Comparison of WES data from blood and skin revealed 71,953 shared variants consistent with likely germline origin, 3,081 somatic variants in skin, and 2,633 in blood. A low-level mosaic BRAF V600E mutation (variant allele frequency 1%) was identified in skin, in addition to pathogenic germline variants in STEAP3 (c.523–2 A > T, NM_182915.3) and SLC40A1 (c.332T > A, p.Met111Lys, NM_014585.6). Immunofluorescence of bone marrow trephine biopsy demonstrated heterogeneous cellular populations: sparse tryptase-positive mast cells with minimal intercellular contacts; Vimentin+CD11bCD34+ (0.68%) and Vimentin+CD11b+CD34 (7.78%) stromal subsets; and a predominance of CD68+ cells (55.61%) over S100+ cells (43.02%).
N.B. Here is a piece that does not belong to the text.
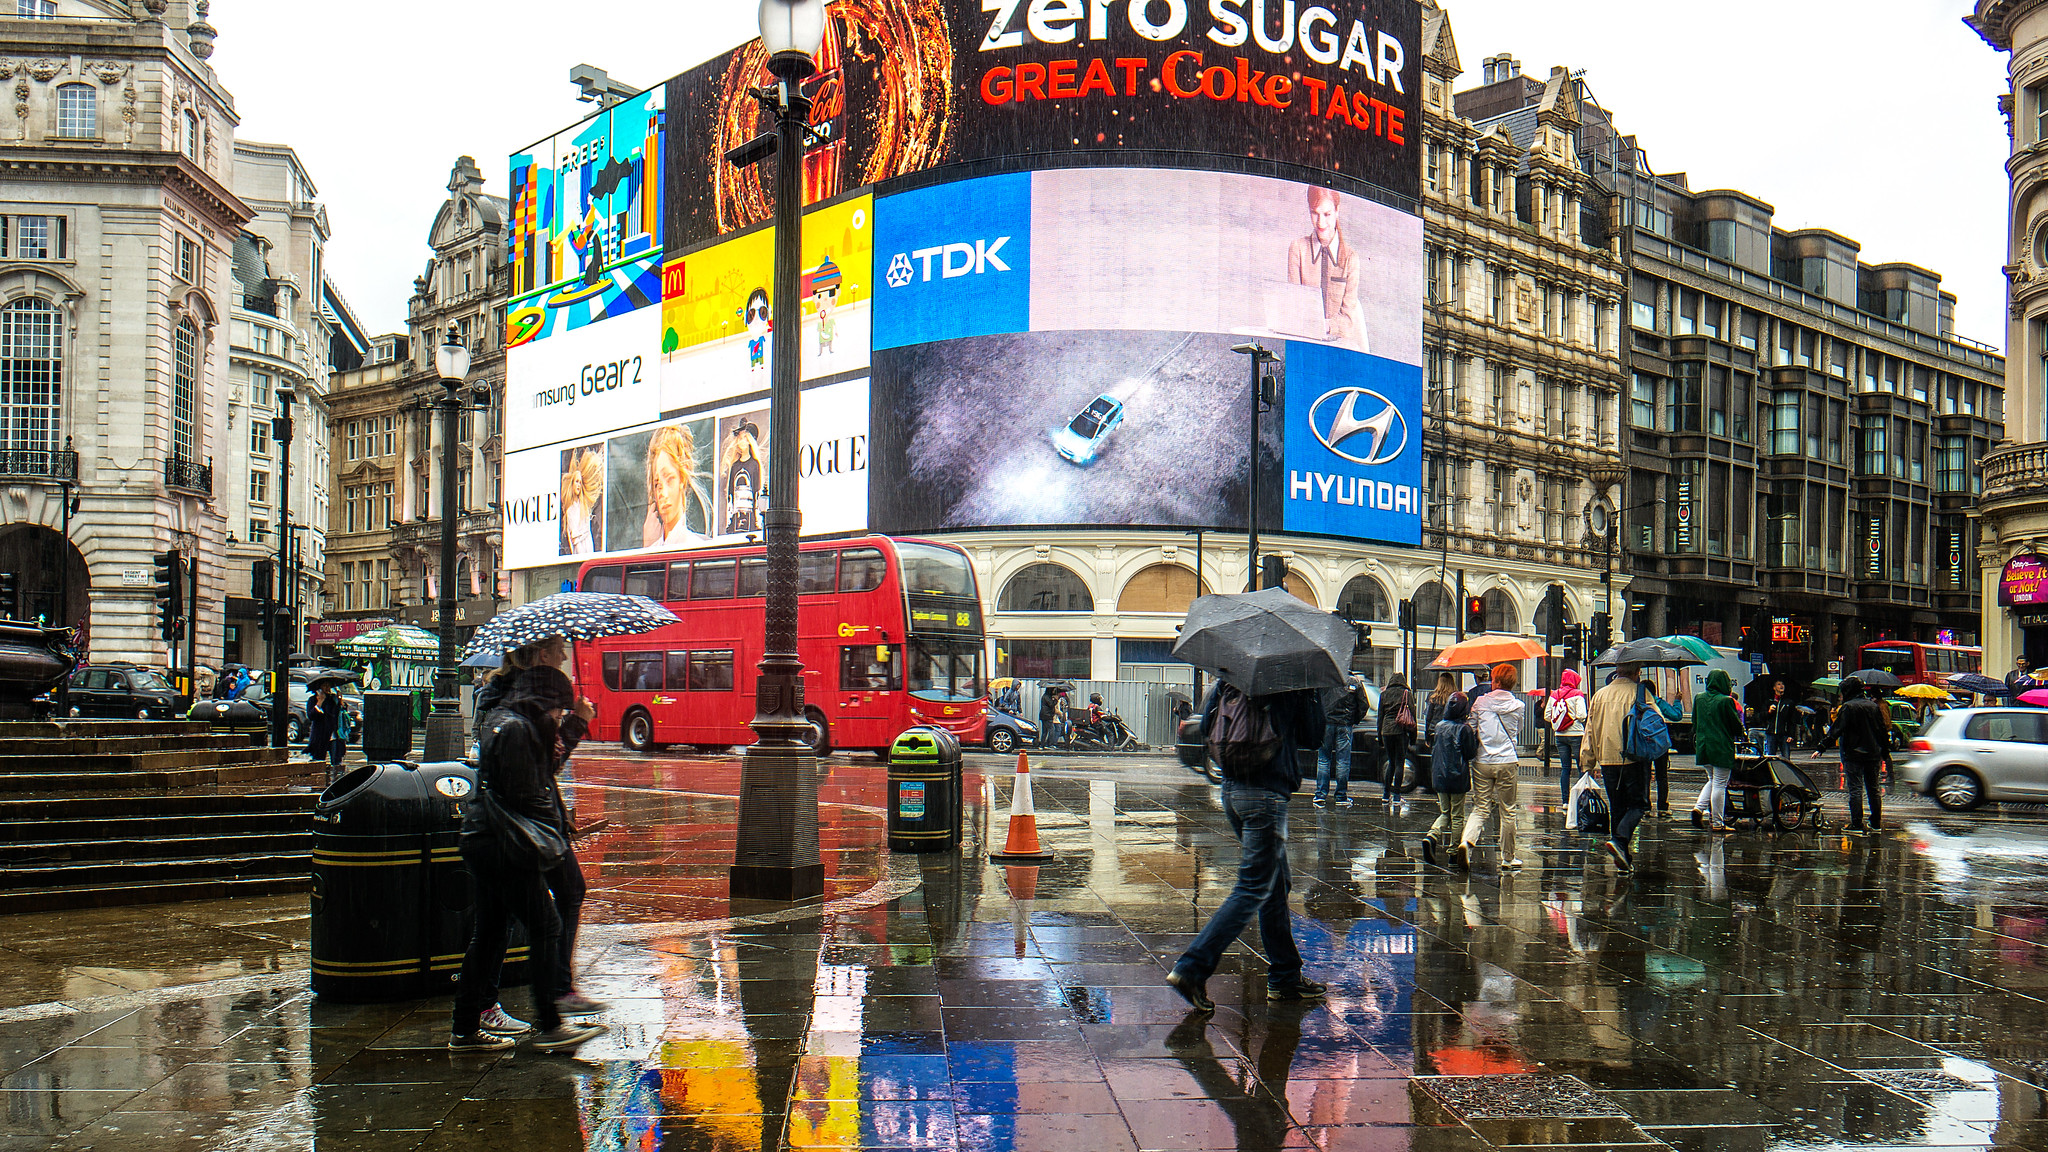 Piccadilly Circus in the Rain

Double-positive CD68+S100+ cells were infrequent (2.174%), consistent with transitional stages of Langerhans cells toward LCH cells (up to 4.81%). This hybrid microenvironment paralleled the patient’s systemic inflammatory activity (elevated acute-phase reactants), multi-organ involvement, and renal interstitial fibrosis/tubular atrophy with impaired kidney function, without serological or histological evidence of vasculitis.

Conclusion

This case illustrates the histological heterogeneity and hybrid nature of MH, where canonical dendritic LCH cells coexist with macrophage-rich ECD-like infiltrate. An integrated approach involving a multidisciplinary clinical team, thorough molecular genetic testing, and the application of targeted therapy is essential for improving prognosis and quality of life in young patients.